“二位將军想得太过简单了。
济州岛如今早已是大明的养马之地,岛上常年驻扎著明军骑兵,负责看管马匹、疏浚草场,我们此去,岂不是自投罗网?
更何况,大明有天津水师坐镇琉球,登莱水师也已恢復战力,战船千艘,水师精锐数万,即便我们侥倖在济州岛站稳脚跟,又岂能抵御得住大明水师的跨海进攻?
到那时,便是插翅难飞,死得更惨!”
这番话如同晴天霹雳,彻底击碎了眾人心中最后的侥倖。
柳希奋与李庆全张了张嘴,却再也说不出一句反驳的话,只能颓然退到一旁,脸上满是绝望。
殿內再次陷入死寂,眾人面如死灰,互相张望,眼中只剩下深深的无力感,心如同沉入了冰窖,几乎要停止跳动。
“难道————难道便没有其他的选择了吗?”
李琿双目无神,喃喃自语,声音微弱得如同蚊蚋。
他瘫坐在地上,双手无力地垂著,王袍被扯得歪歪斜斜,此刻的他,不再是高高在上的国王,只是一个濒临绝境的可怜人。
“去釜山!”
突然有人高声喊道:“釜山靠近海边,我们可以从那里乘船前往倭国避难!
对马藩虽败,但倭国德川幕府势力庞大,或许会收留我们!”
话音刚落,郑仁弘再次开口。
“此言差矣。
对马藩如今自身难保,藩主宗义成被俘,残部溃散,哪里还有能力收留我们?
更何况,德川幕府向来忌惮大明的实力,如今明军在朝鲜势如破竹,他们岂会为了我们这一群败寇,去得罪强大的大明?
到了倭国,我们不过是砧板上的鱼肉,任人宰割罢了。

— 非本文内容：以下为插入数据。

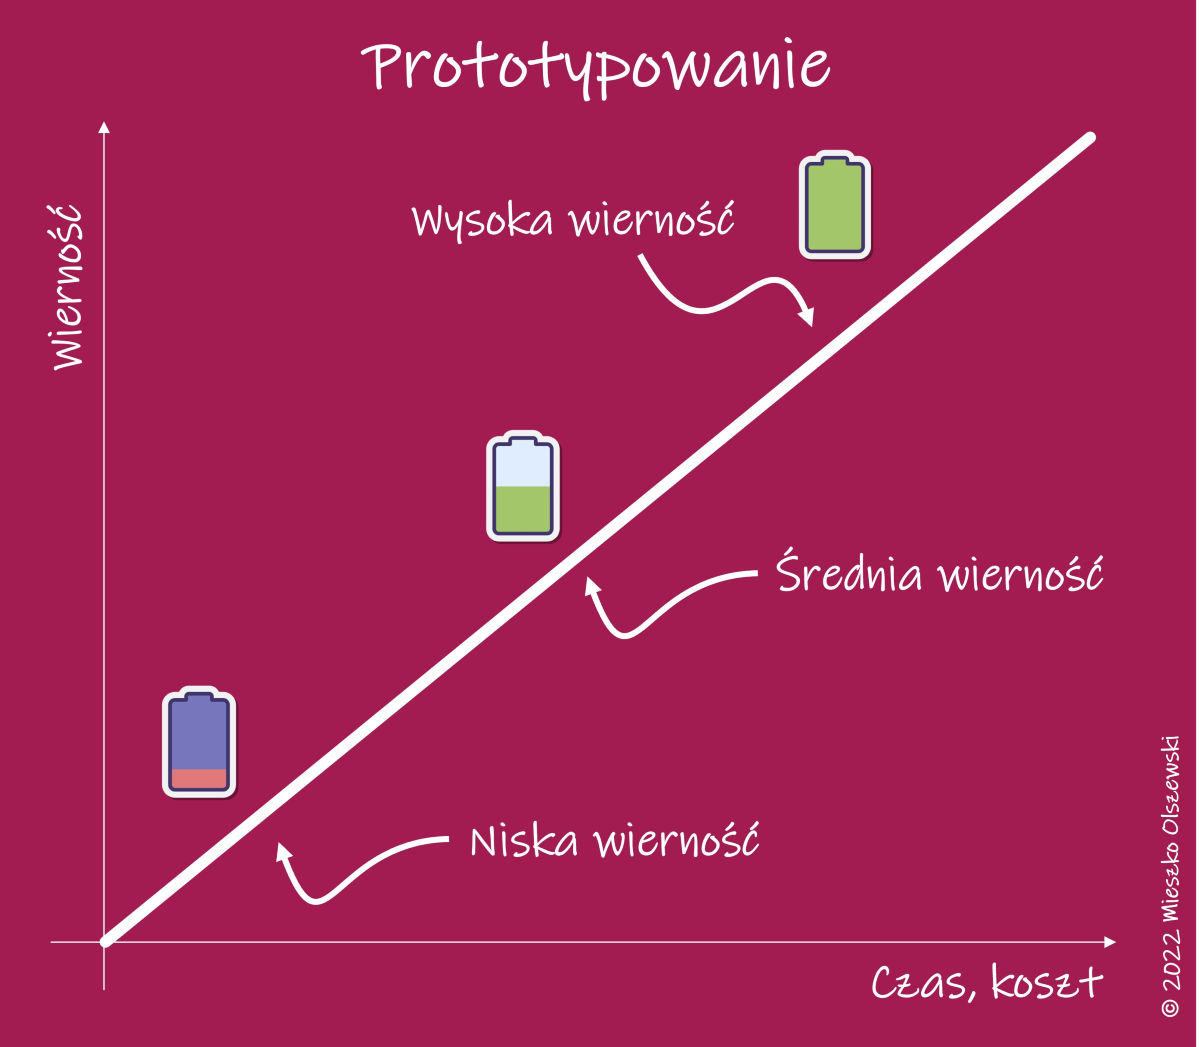 Prototyp i prototypowanie - zależność między wiernoscią a czasem i kosztem - diagram.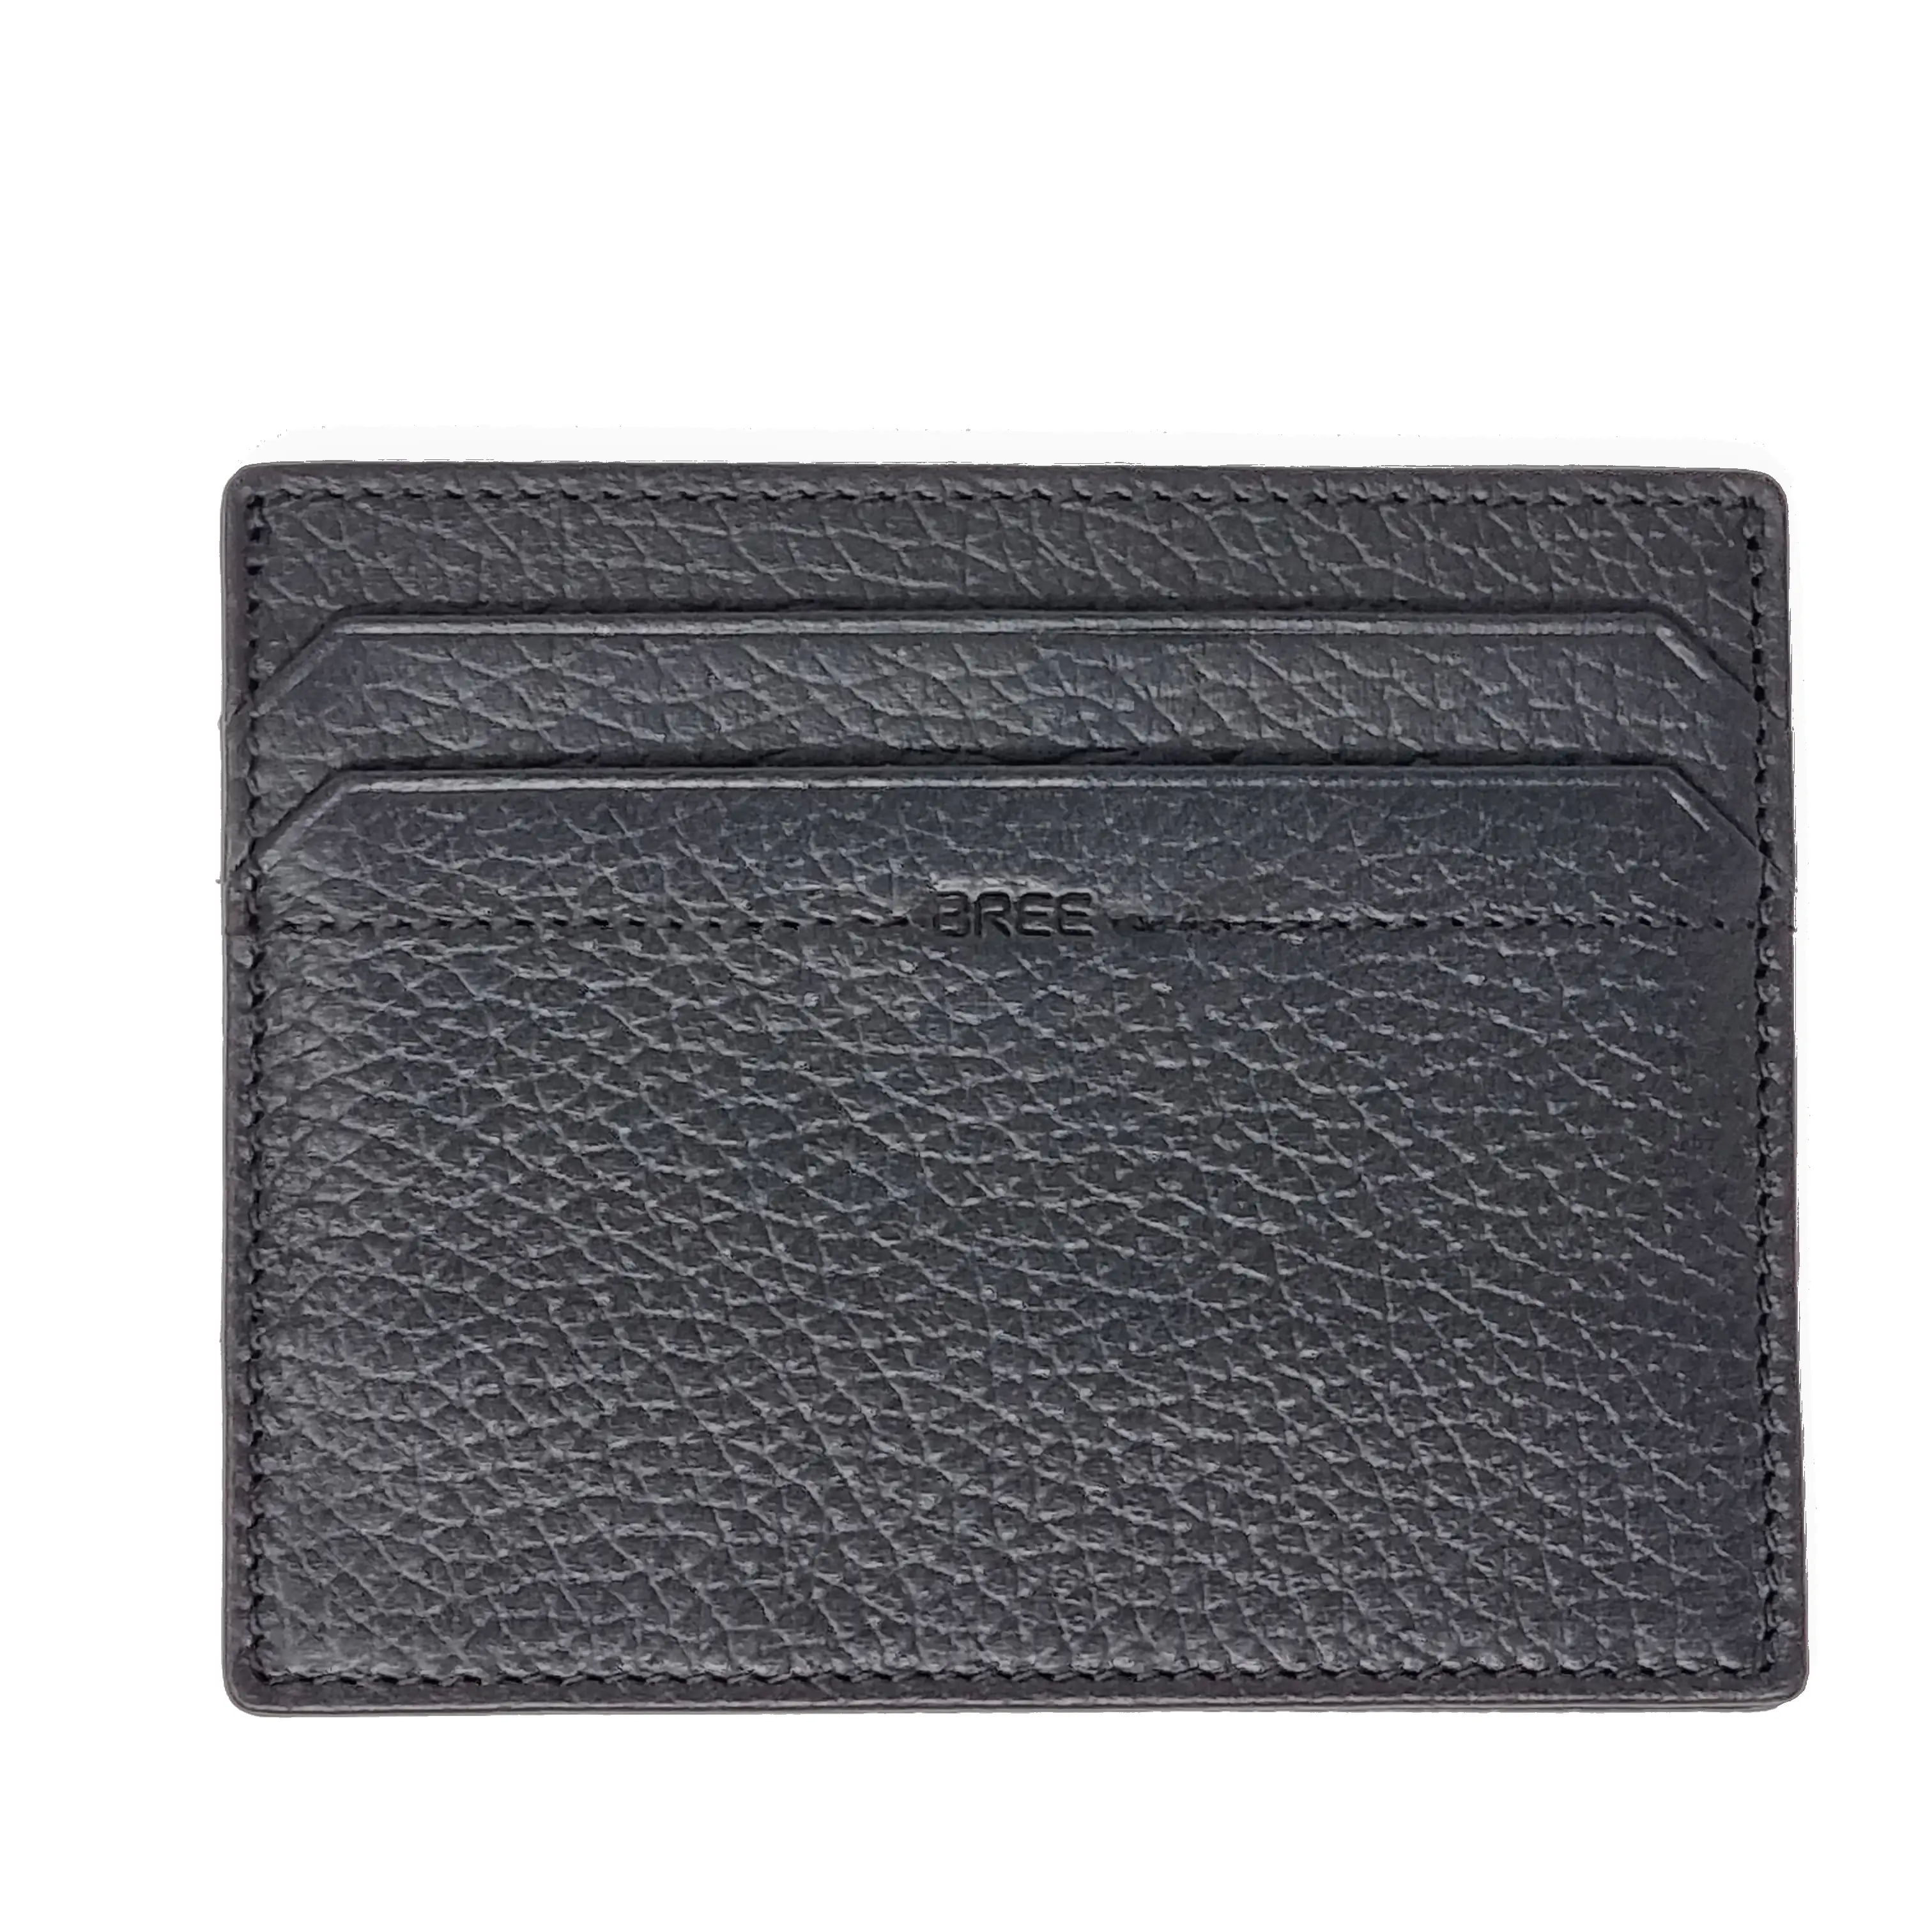 Bree Aiko SLG 103 - schwarz - einfaches Karten-Etui mit RFID

”
又是一条路被堵死!
李琿只觉得胸口一阵憋闷,险些喷出一口鲜血。
他双目赤红,布满血丝,口中咬牙切齿地嘶吼:“难道————难道就真的没有其他办法了吗?本王不甘心!本王不想死啊!”
就在这绝望之际,礼曹判书朴承宗眼中突然闪过一丝微光,他上前一步,凑近李琿,声音压得极低。
“大王,臣倒是想到一个办法。
明国武將向来贪图美色与財宝,贺世贤虽行事狠辣,但终究是人,未必能免俗。
若是我等能够倾尽国內所有资財,搜罗天下美人,全部献给贺世贤,再卑辞厚礼,苦苦哀求,或许——或许能打动他,保住大王的王位,也保住我等的性命!”
“对啊!对啊!”
李琿如同抓住了最后一根救命稻草,猛地从地上爬起来,眼中迸发出疯狂的光芒。
“就这么做!立刻传令下去,在全国范围內搜罗美人,无论贵族女子还是民间闺秀,只要容貌出眾,尽数送往汉城!
国库里的金银珠宝、奇珍异宝,全部打包,一点不留,尽数献给贺世贤!
本王只求他高抬贵手,保住我这朝鲜国王之位!”
眾人见状,也纷纷像是看到了一线生机,原本死寂的大殿顿时有了一丝微弱的动静。
李尔瞻连忙说道:“大王英明!臣这就去安排人手,搜罗美人与財宝,务必儘快准备妥当!”
柳希奋也拱手道:“臣愿率军护送財宝与美人前往汉城,確保万无一失!”
郑仁弘看著眼前如同疯魔一般的君臣,欲言又止,最终只是重重嘆了口气,摇了摇头。
他心中清楚,这不过是饮鴆止渴,贺世贤绝非轻易能被美色財宝打动之人,但事到如今,除此之外,也確实再无其他办法。
殿內的眾人如同抓住了救命的浮木,忙不迭地起身领命,脚步匆匆地衝出大殿。
不过三日。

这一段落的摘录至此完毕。